▶ [Problem statement]:
Copy the listing exactly as given. Omit every picture.

▶ [Input data]:
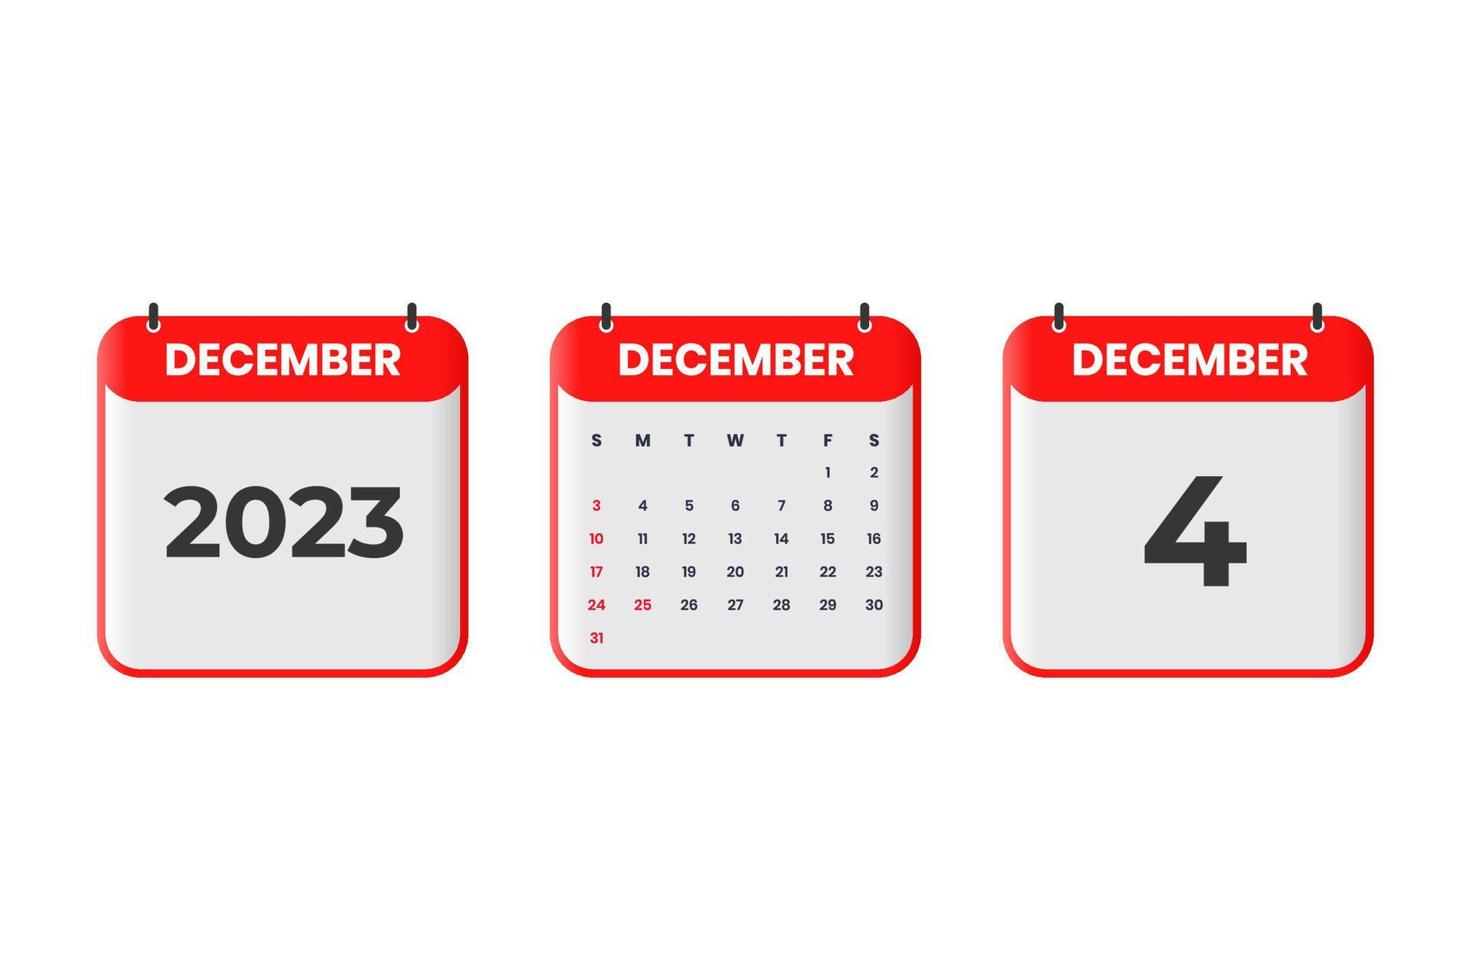 Dezember 2023 Kalenderdesign. 4. Dezember 2023 Kalendersymbol für Zeitplan, Termin, wichtiges Datumskonzept vektor
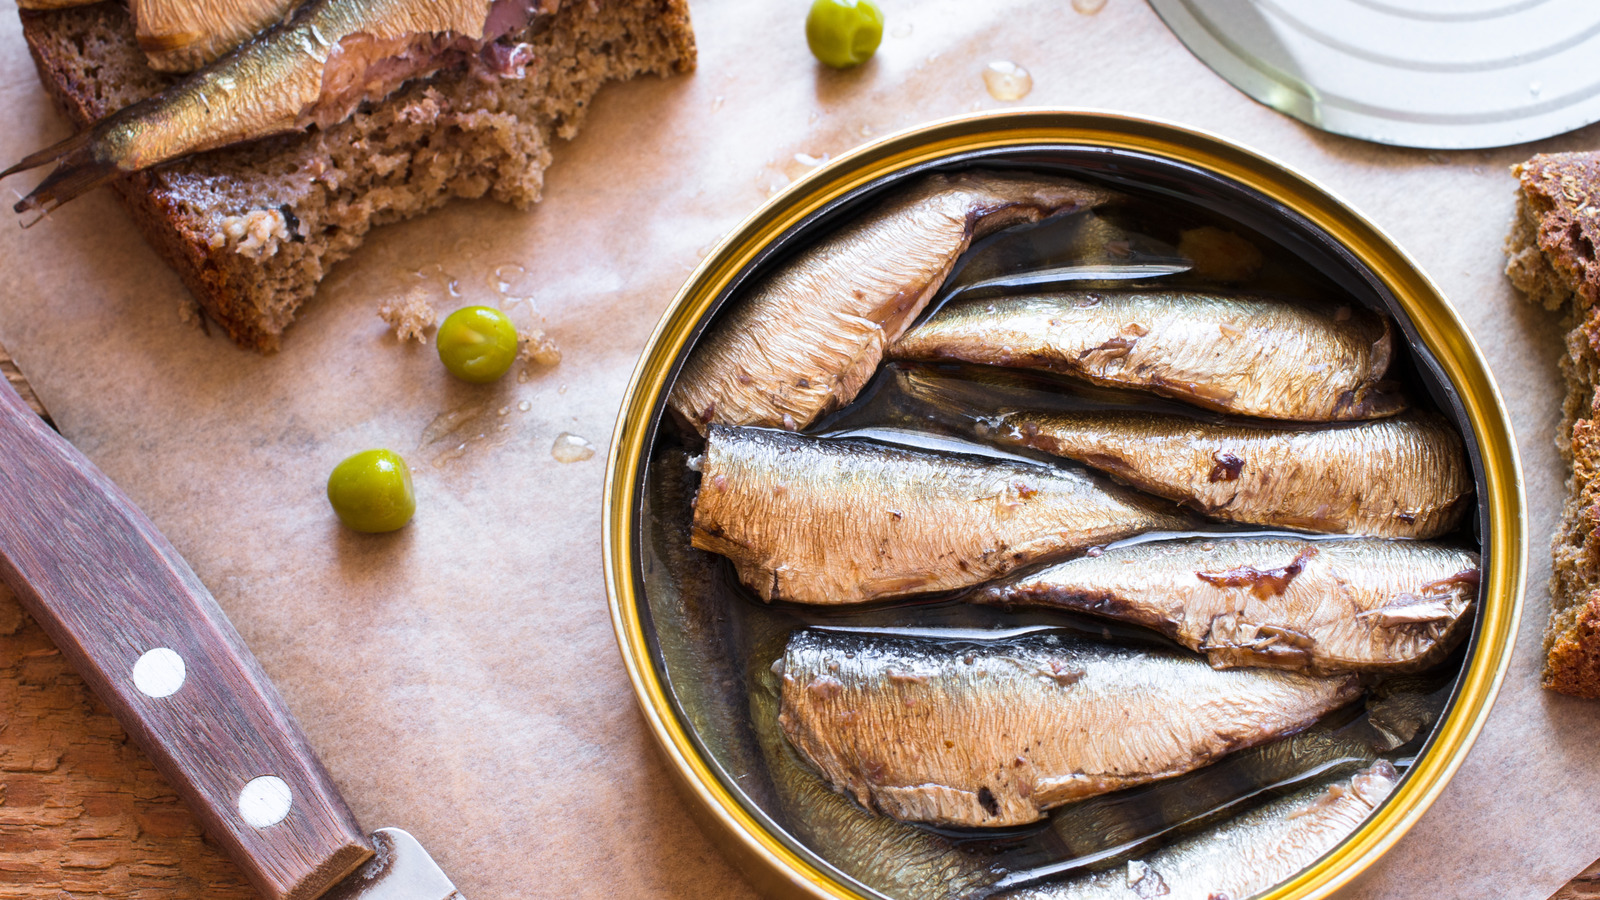 How to Eat Sardines
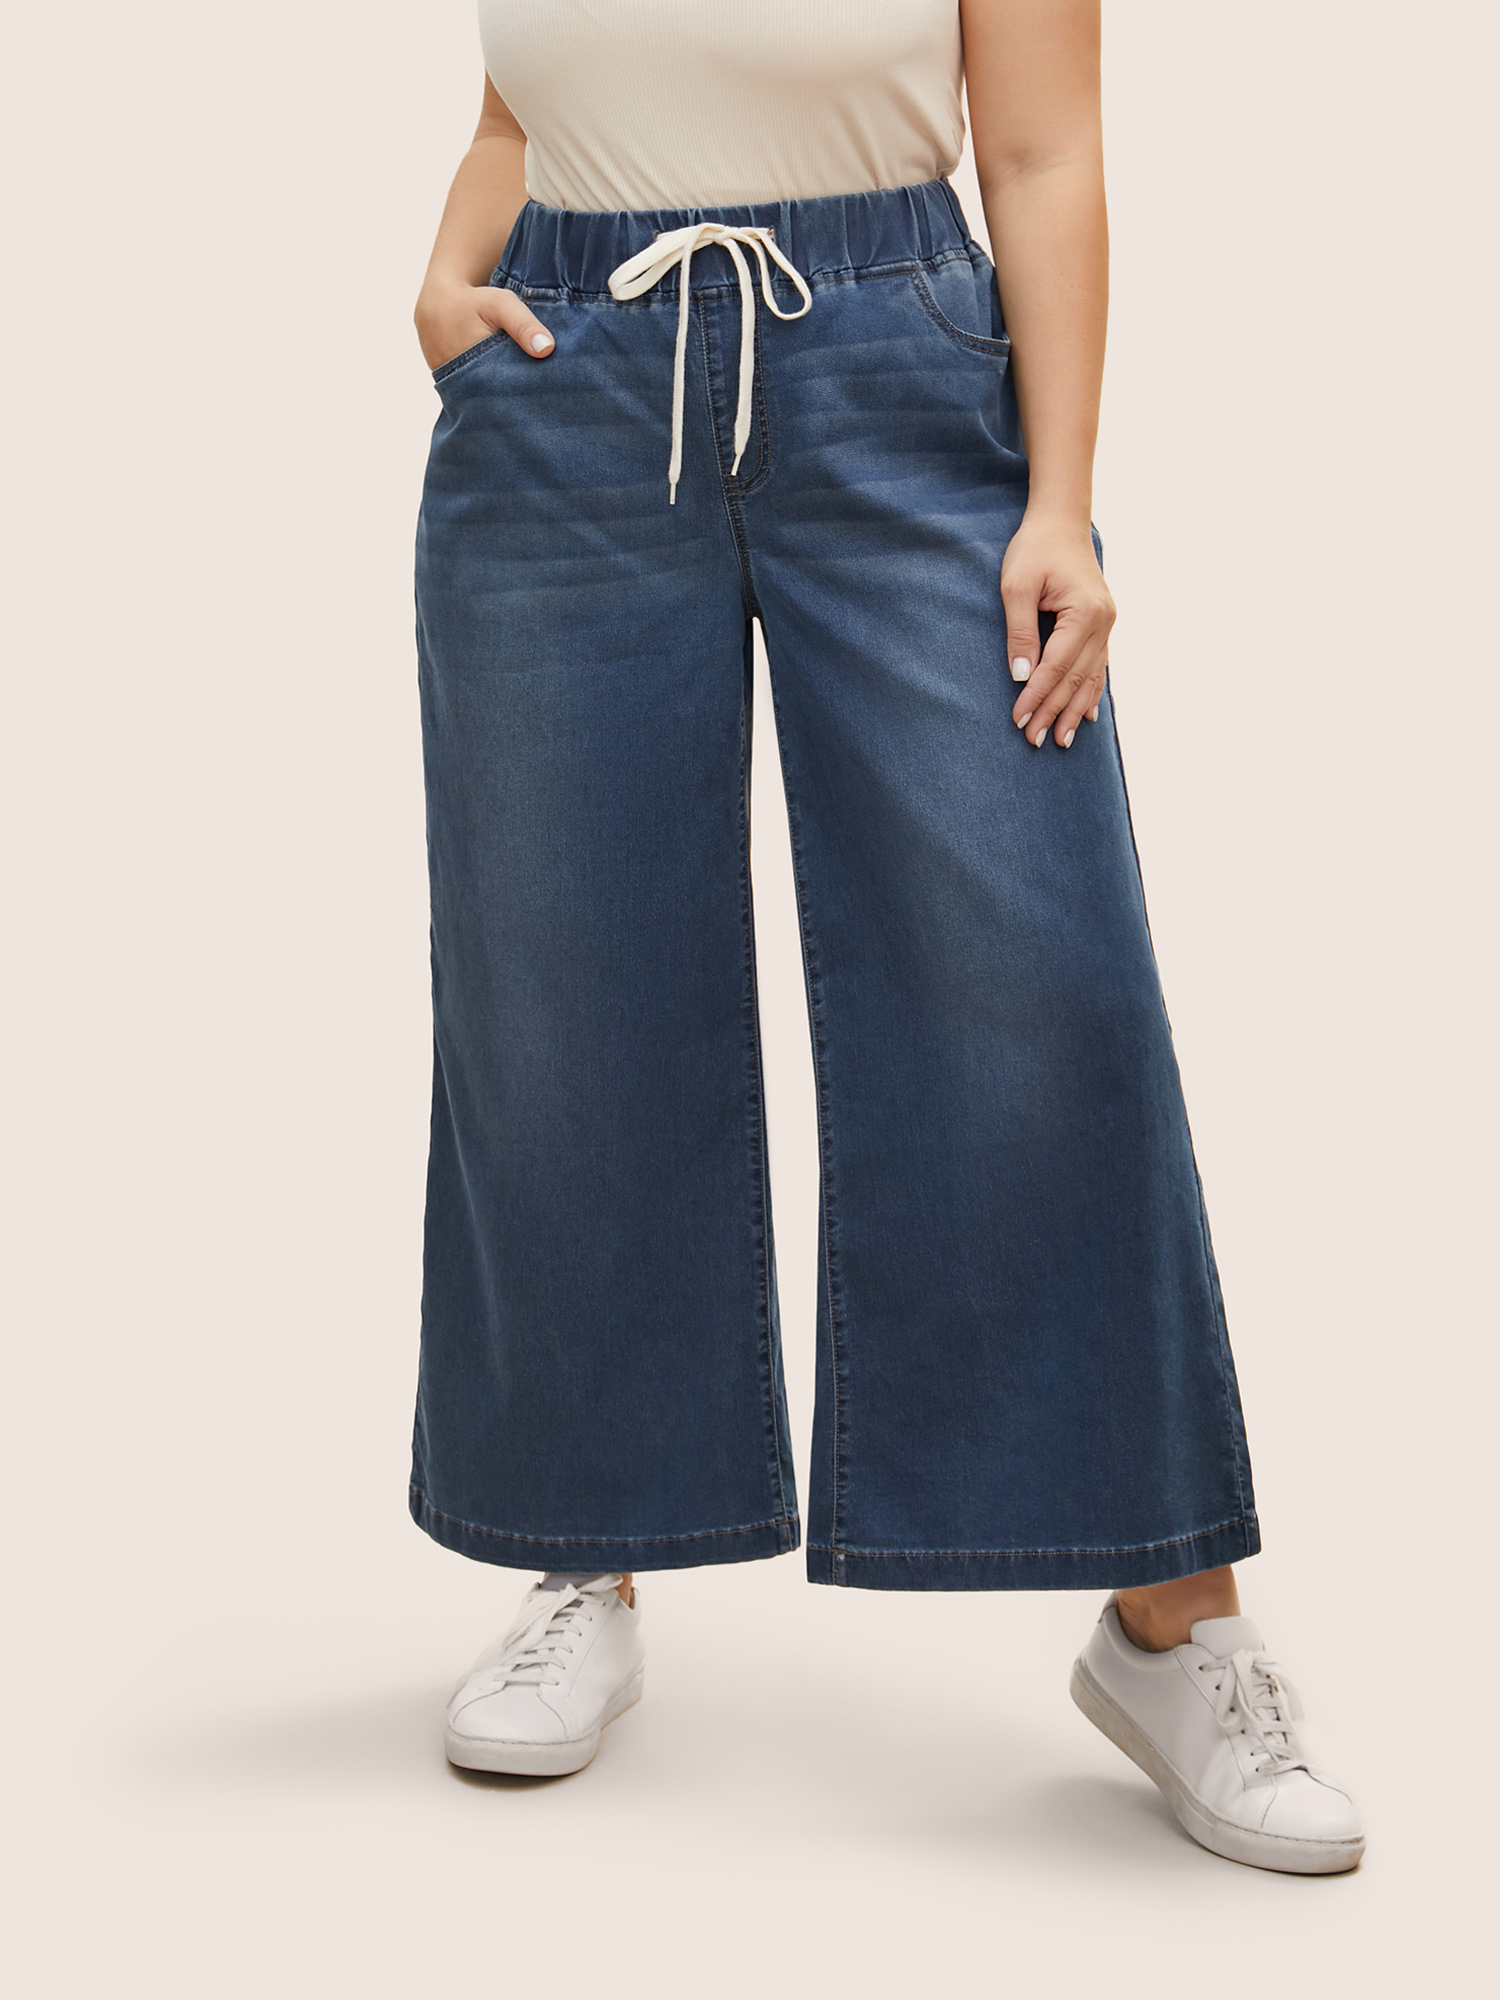 

Plus Size Dark Wash Drawstring Wide Leg Jeans Women Denimblue Casual Drawstring High stretch Slanted pocket Jeans BloomChic

▶ [Written response]:
 Dezember 2023 Kalenderdesign. 4. Dezember 2023 Kalendersymbol für Zeitplan, Termin, wichtiges Datumskonzept vektor
 How to Eat Sardines

Plus Size Dark Wash Drawstring Wide Leg Jeans Women Denimblue Casual Drawstring High stretch Slanted pocket Jeans BloomChic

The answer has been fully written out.